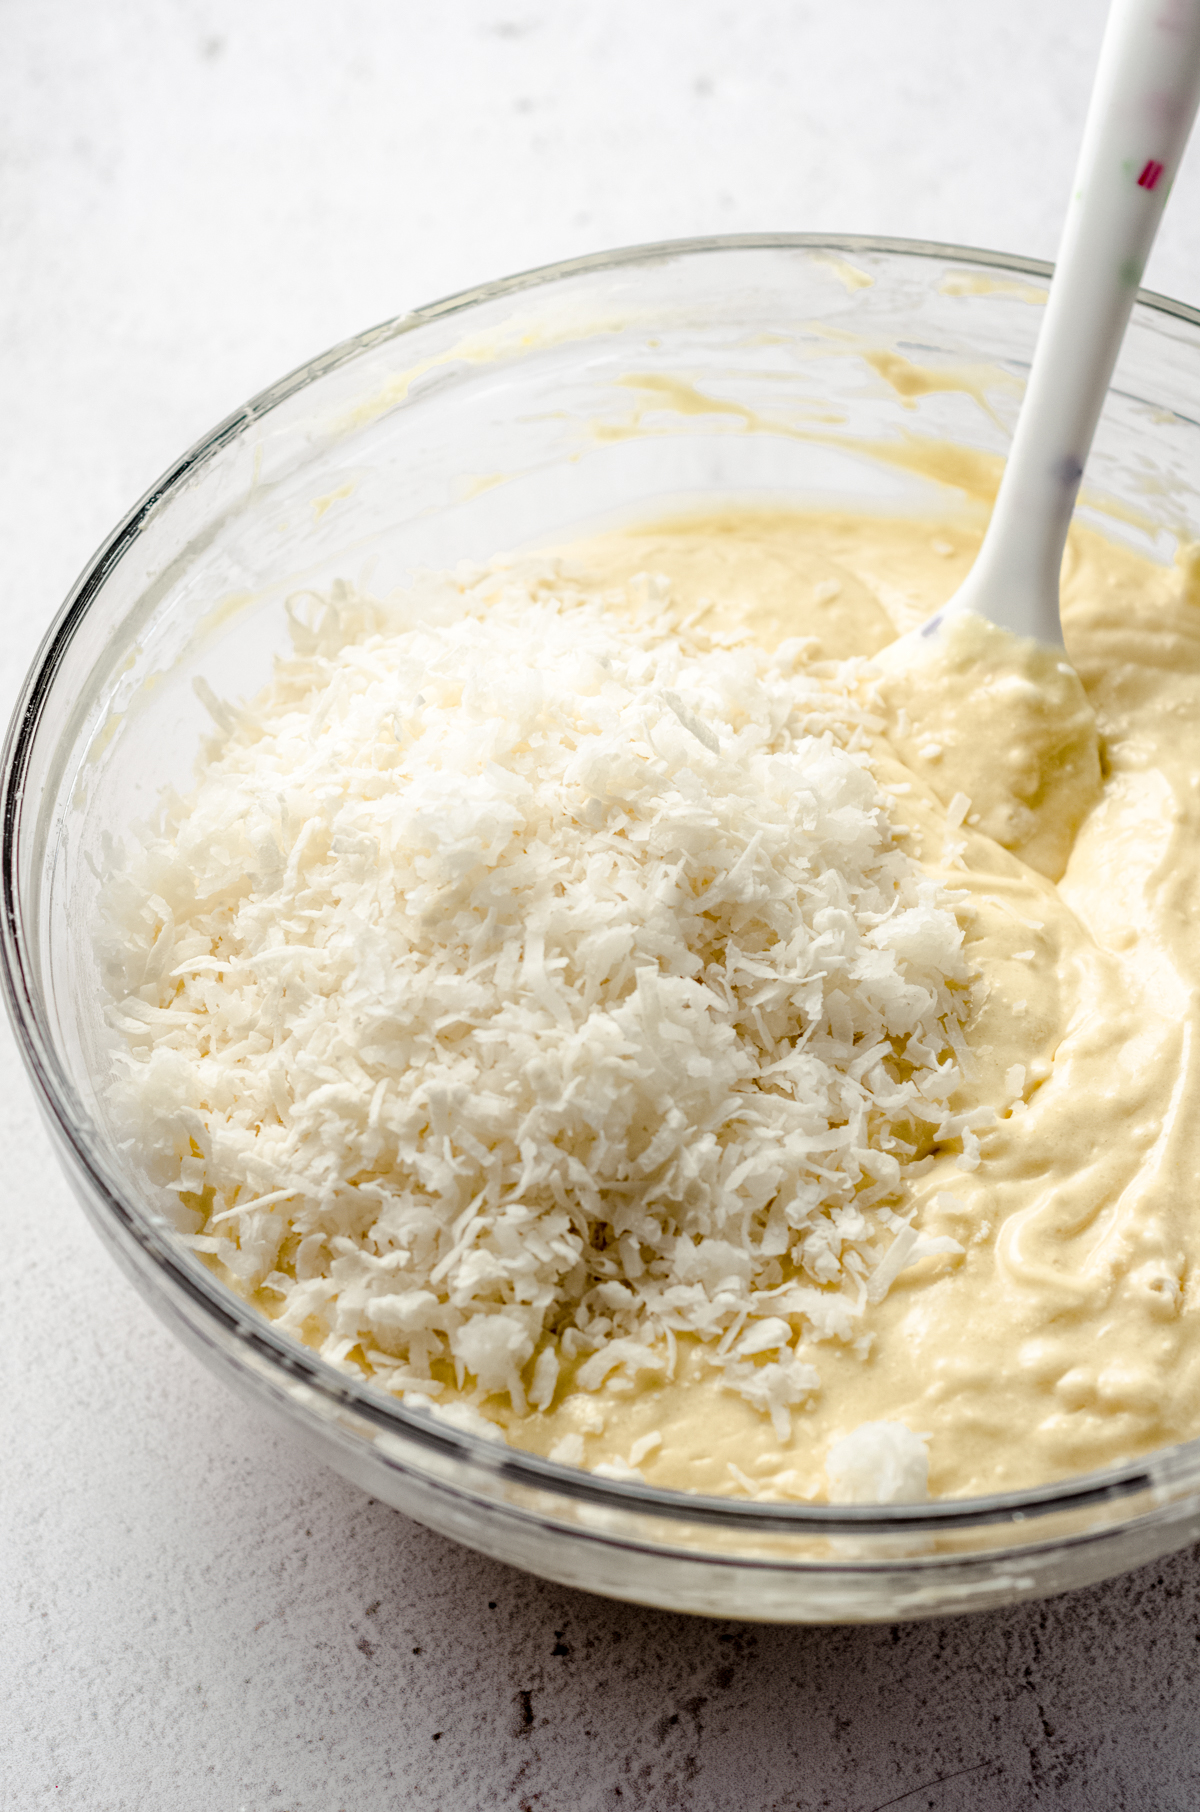 Glass mixing bowl with cake batter and shredded coconut with rubber spatula. 
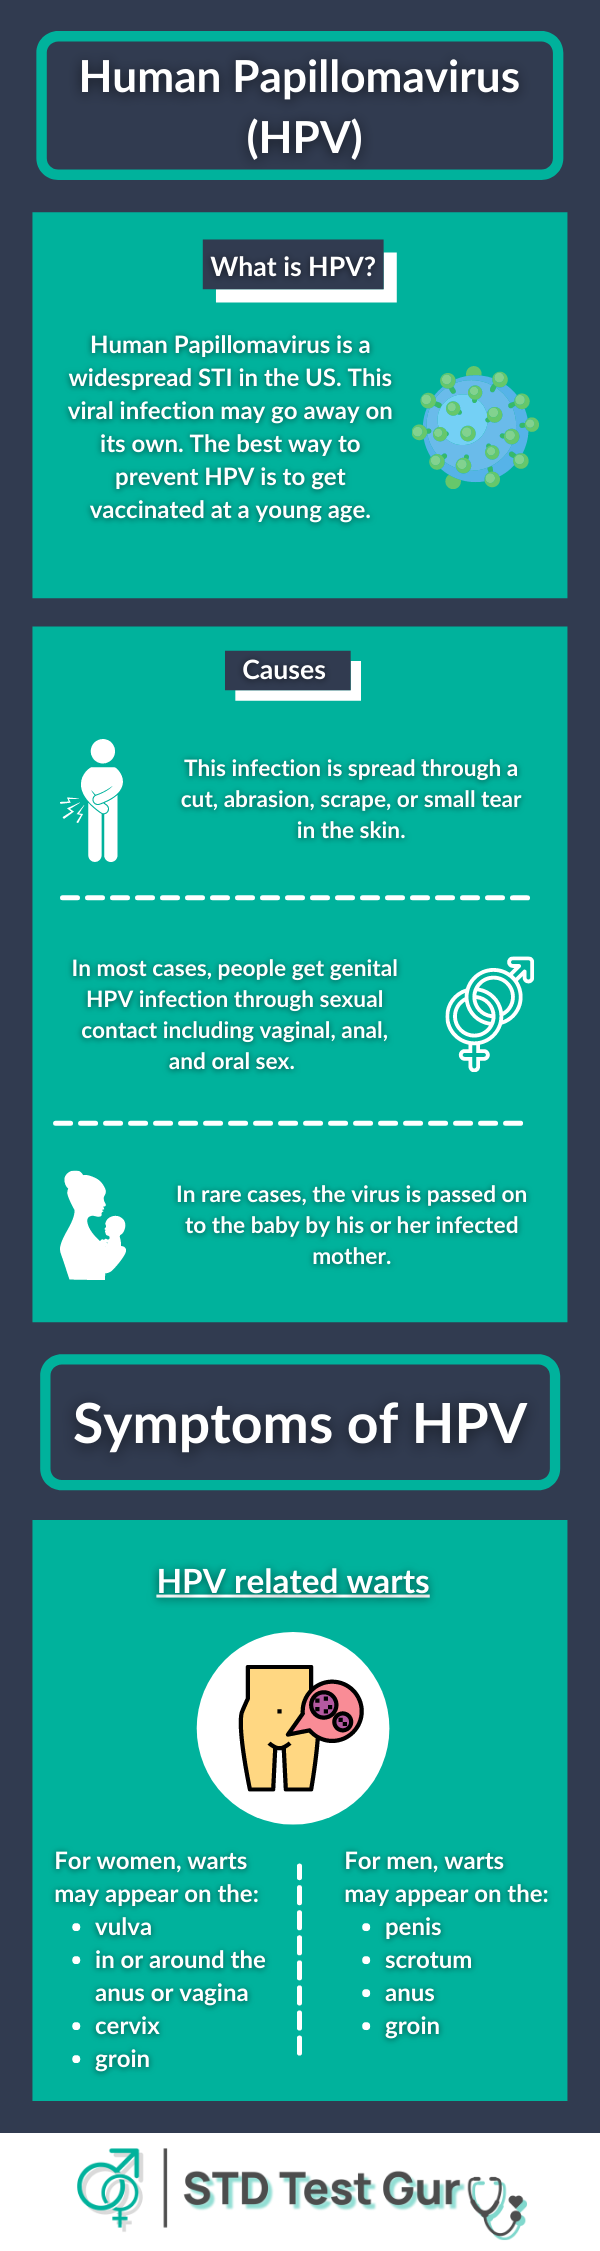 HPV: Causes and Symptoms
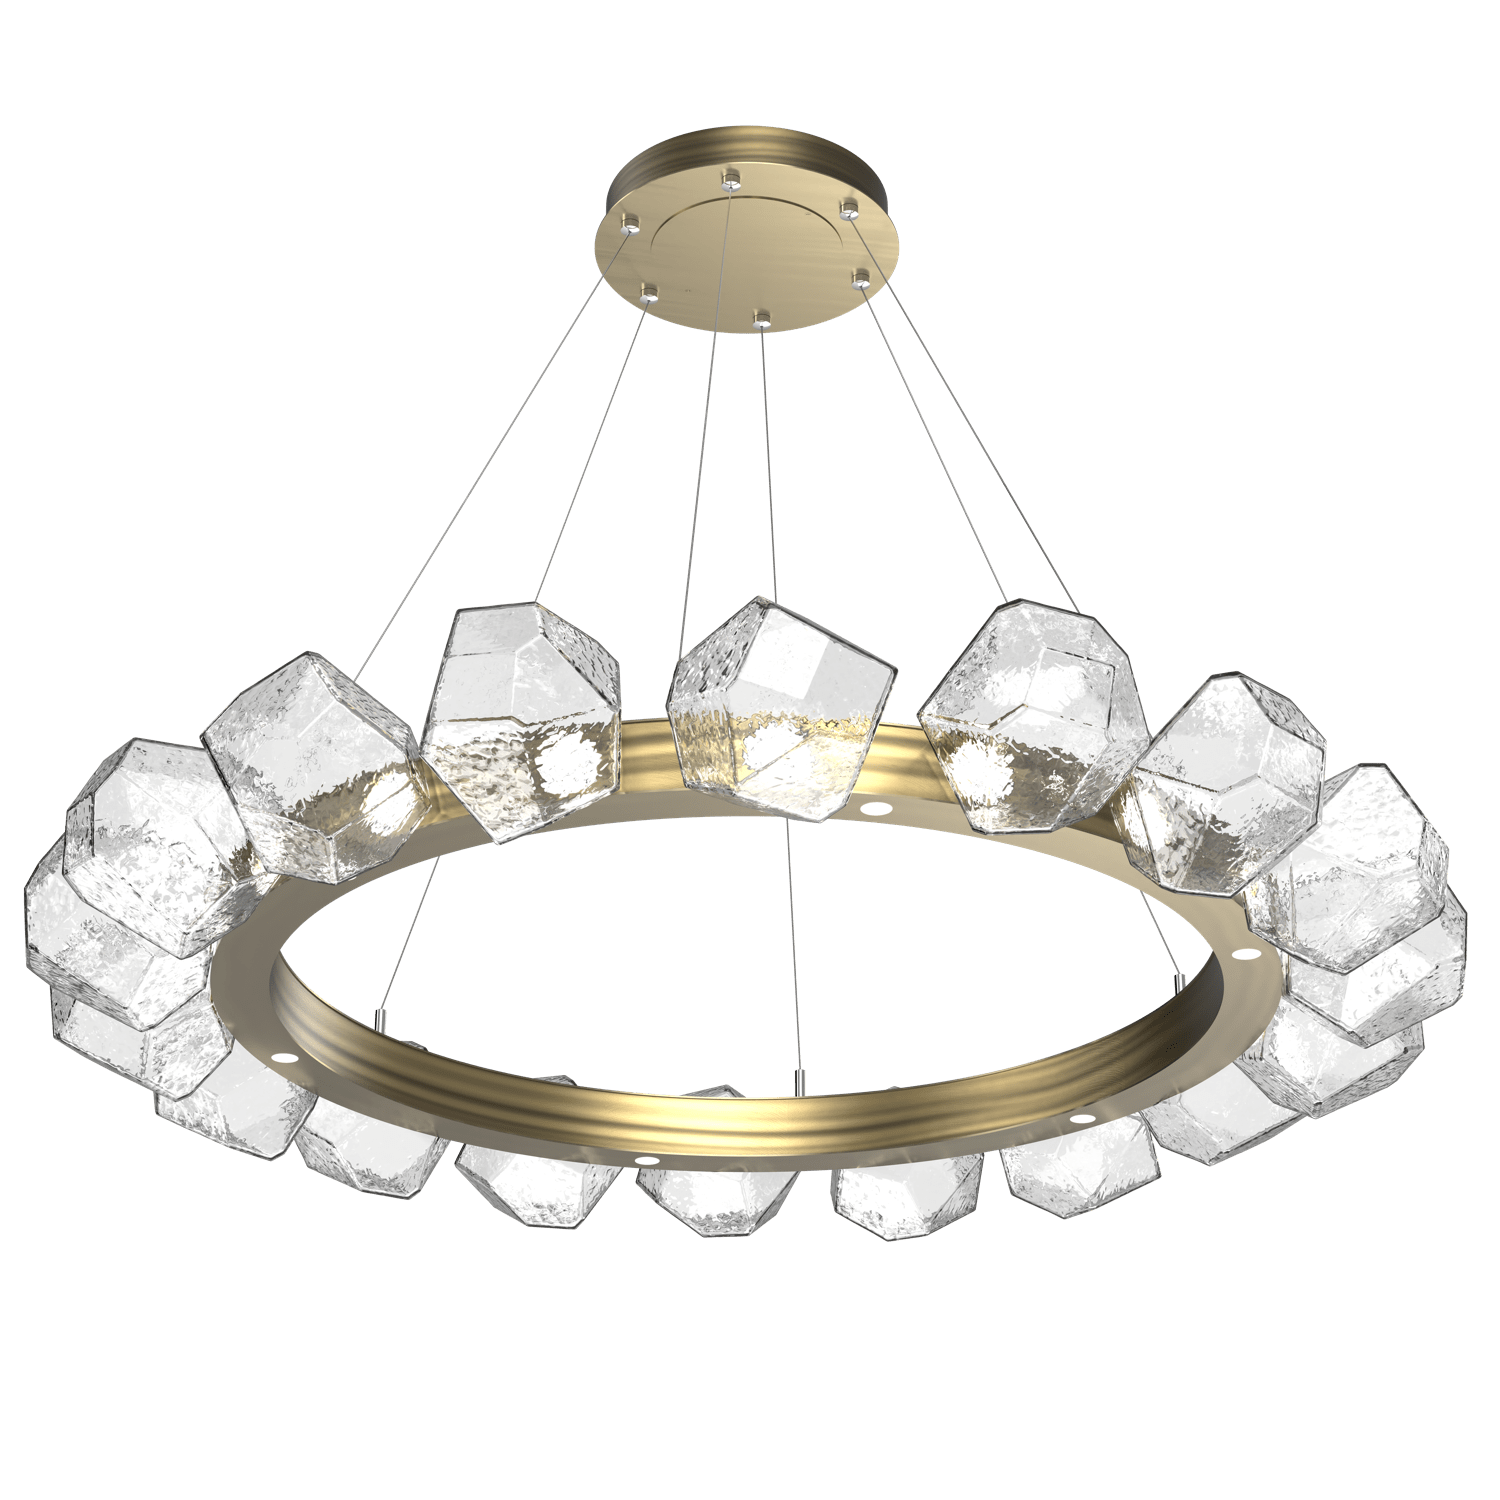 CHB0039-48-HB-C-Hammerton-Studio-Gem-48-inch-radial-ring-chandelier-with-heritage-brass-finish-and-clear-blown-glass-shades-and-LED-lamping
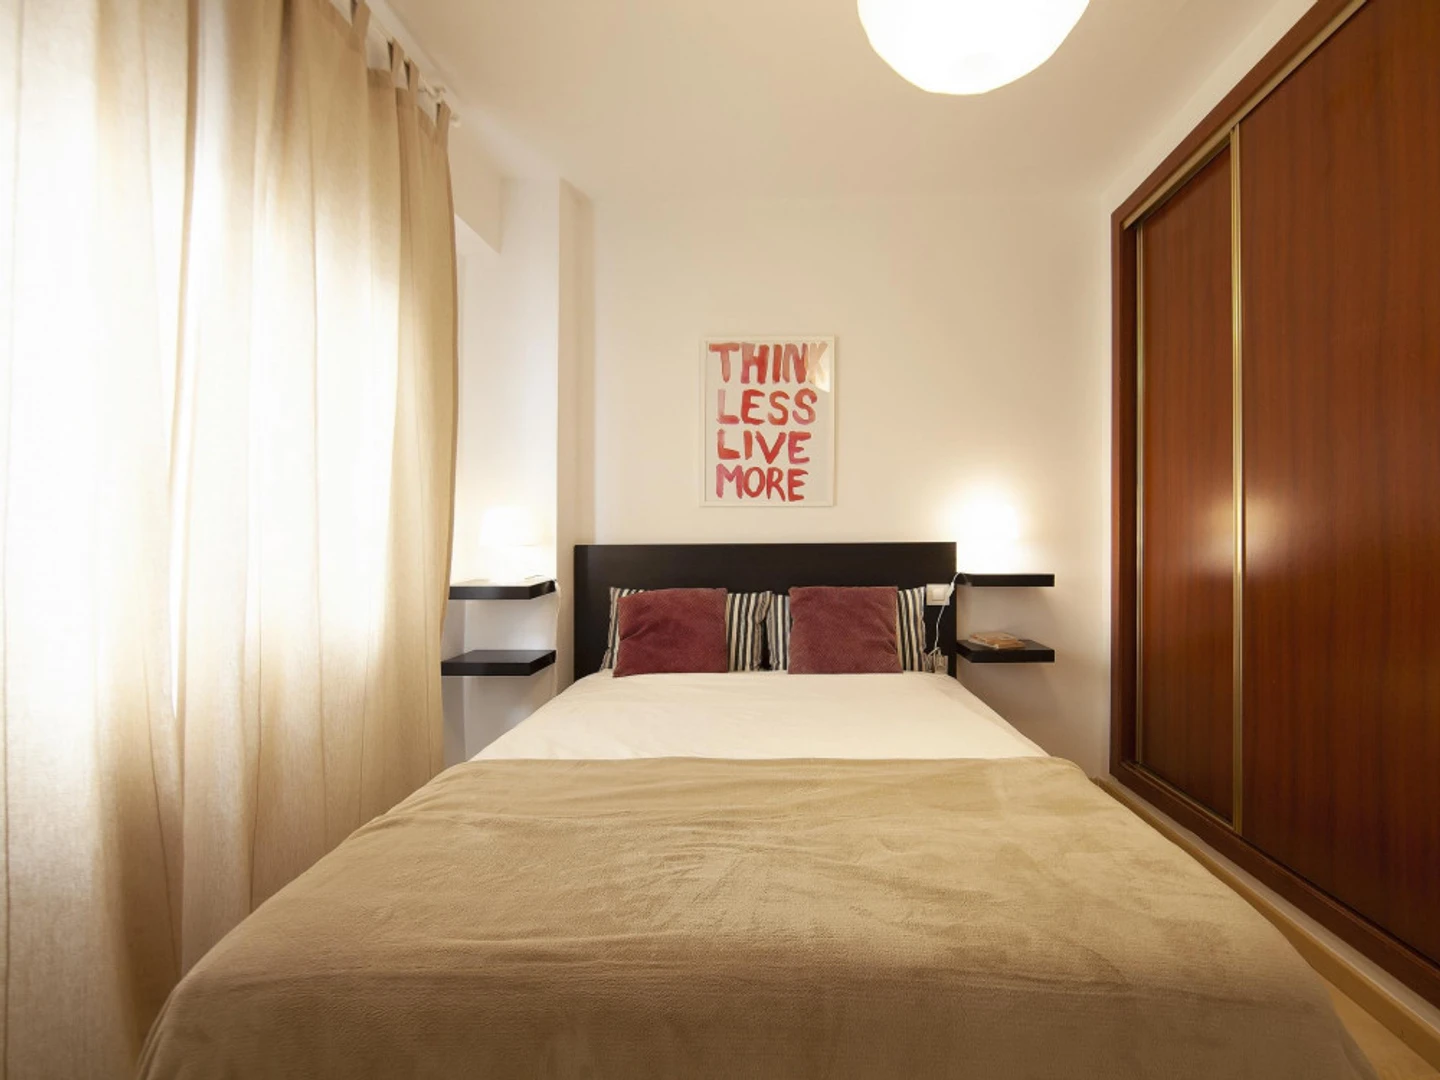 Accommodation in the centre of Malaga
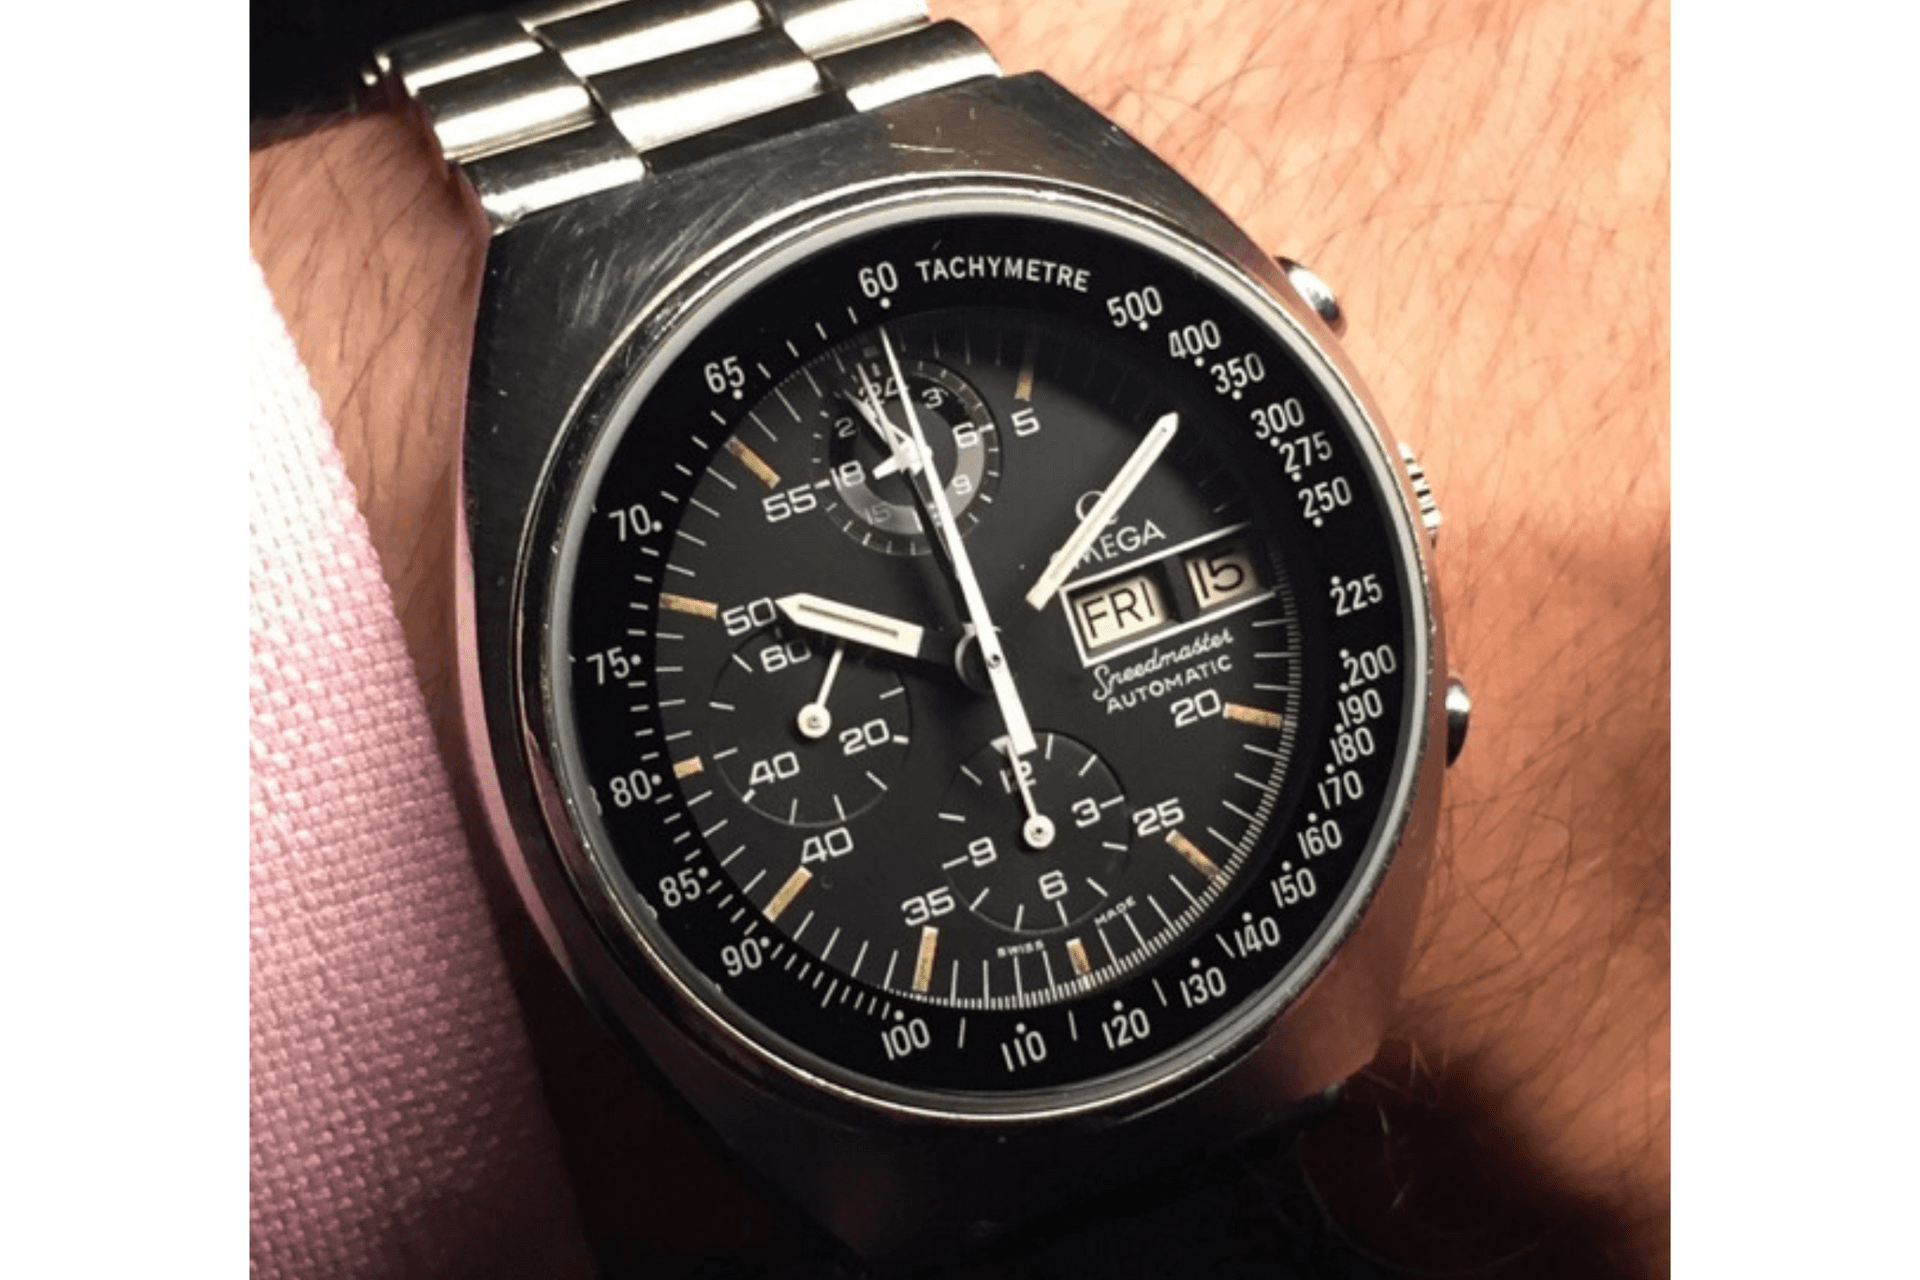 Pictured is an OMEGA Speedmaster with a George Daniels Co-Axial escapement prototype, made by George Daniels himself at his workshop Photo: WatchProSite

_ _ _ _ _ _ _

* _The problem_
Images in the records should not be copied. Repeat all the rest exactly.

* _Solution to this problem_
 Glass mixing bowl with cake batter and shredded coconut with rubber spatula. 
 HPV: Causes and Symptoms
 CHB0039-48-HB-C-Hammerton-Studio-Gem-48-inch-radial-ring-chandelier-with-heritage-brass-finish-and-clear-blown-glass-shades-and-LED-lamping
 Accommodation in the centre of Malaga
 Pictured is an OMEGA Speedmaster with a George Daniels Co-Axial escapement prototype, made by George Daniels himself at his workshop Photo: WatchProSite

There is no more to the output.